Он так же думал и тогда, на вельботе. Хотел даже после возвращения в Архангельск поискать в архиве Арктического пароходства ее адрес, написать письмо. Он не знал, что надо писать. Просто вспомнил про свою мать, про то, как она ждет его из рейсов, как думает по ночам о смерти. Но он, конечно, не написал…
У судов встретил капитанов сонным ворчанием Айк.
— А ты, оказывается, свиреп, кабысдох, — сказал Левин и дернул Айка за хвост.
Айк хрипло залаял.
— Я, если хочешь, могу подарить тебе его, — сказал Вольнов. — Ябыстро привыкаю к зверью, а потом тяжело расставаться.
— Спасибо.
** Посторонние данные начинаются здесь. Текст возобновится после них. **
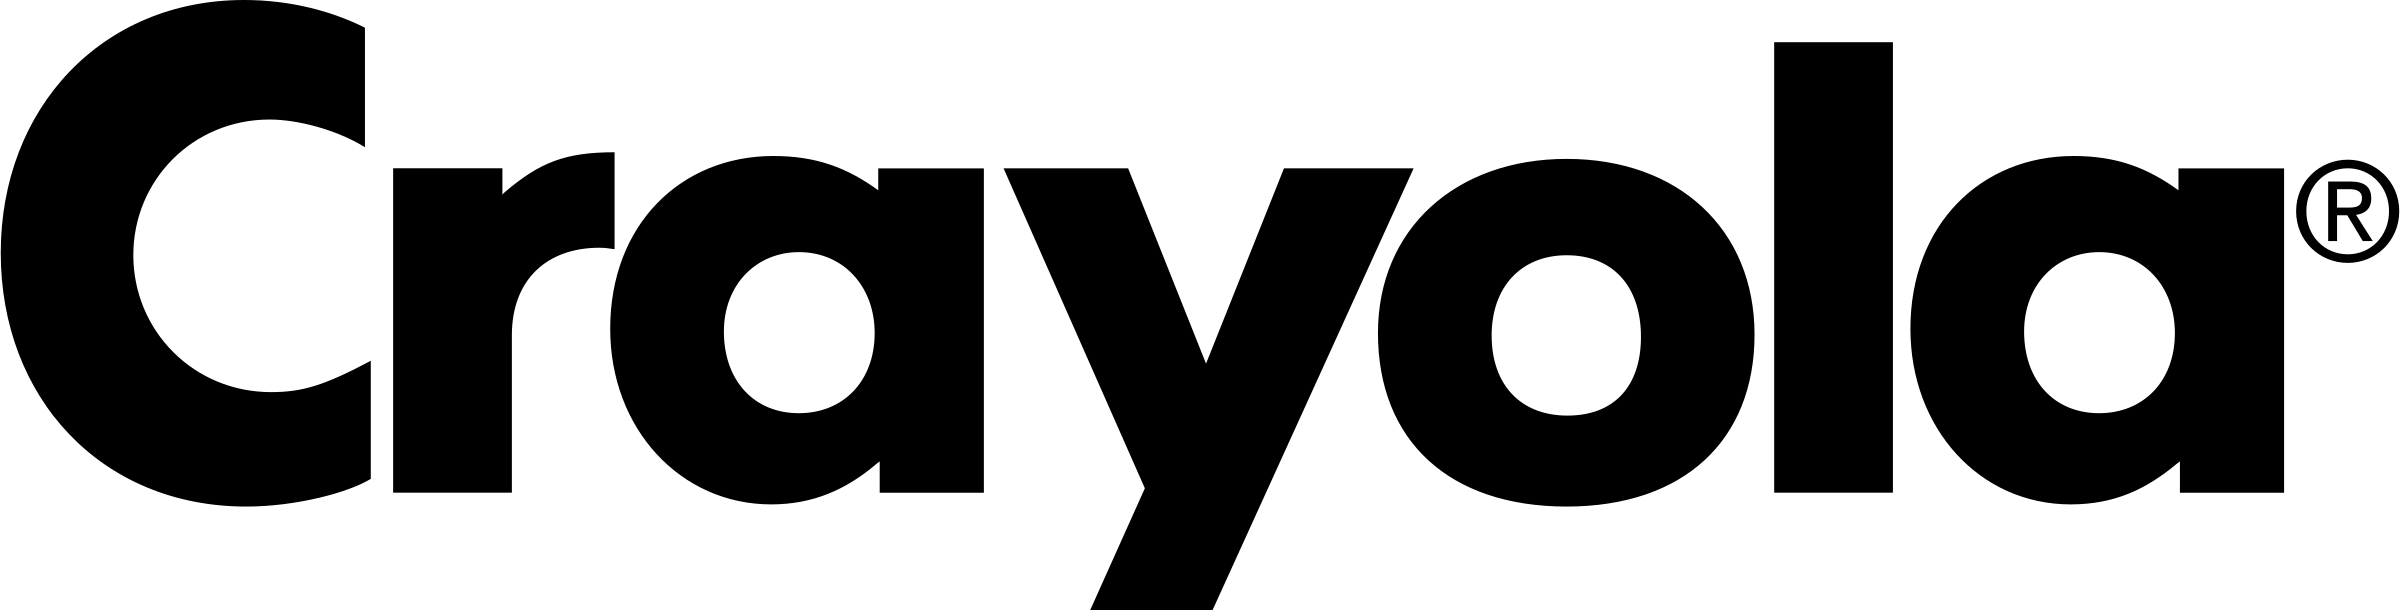 Crayola Logo PNG Transparent & SVG Vector - Freebie Supply

Не отказываюсь. Я, наверное, уже привык к тому, что в жизни часто приходится расставаться.
И в ту же ночь пес сменил местожительство.
— 4 —
Архангельск — город дерева, целлюлозы, судов и рыбы.
Лучший ресторан в Архангельске — «Интурист».
В «Интурист» теперь без галстуков не пускают. Но можно туда проникнуть даже в русской косоворотке и русских сапогах, если дашь швейцару десятку. Именно это и сделал Левин, когда швейцар выставил Вольнова на улицу за отсутствие у Глеба галстука.
— Ладно уж… садитесь в самый угол и спиной к музыке, если приличия нарушаете, — сказал швейцар дядя Вася, брезгливо принимая от Левина новенькую купюру.
— Дядя Вася, — сказал Яков Левин. — Береги нервы. На твоей работе без нервов — ужас.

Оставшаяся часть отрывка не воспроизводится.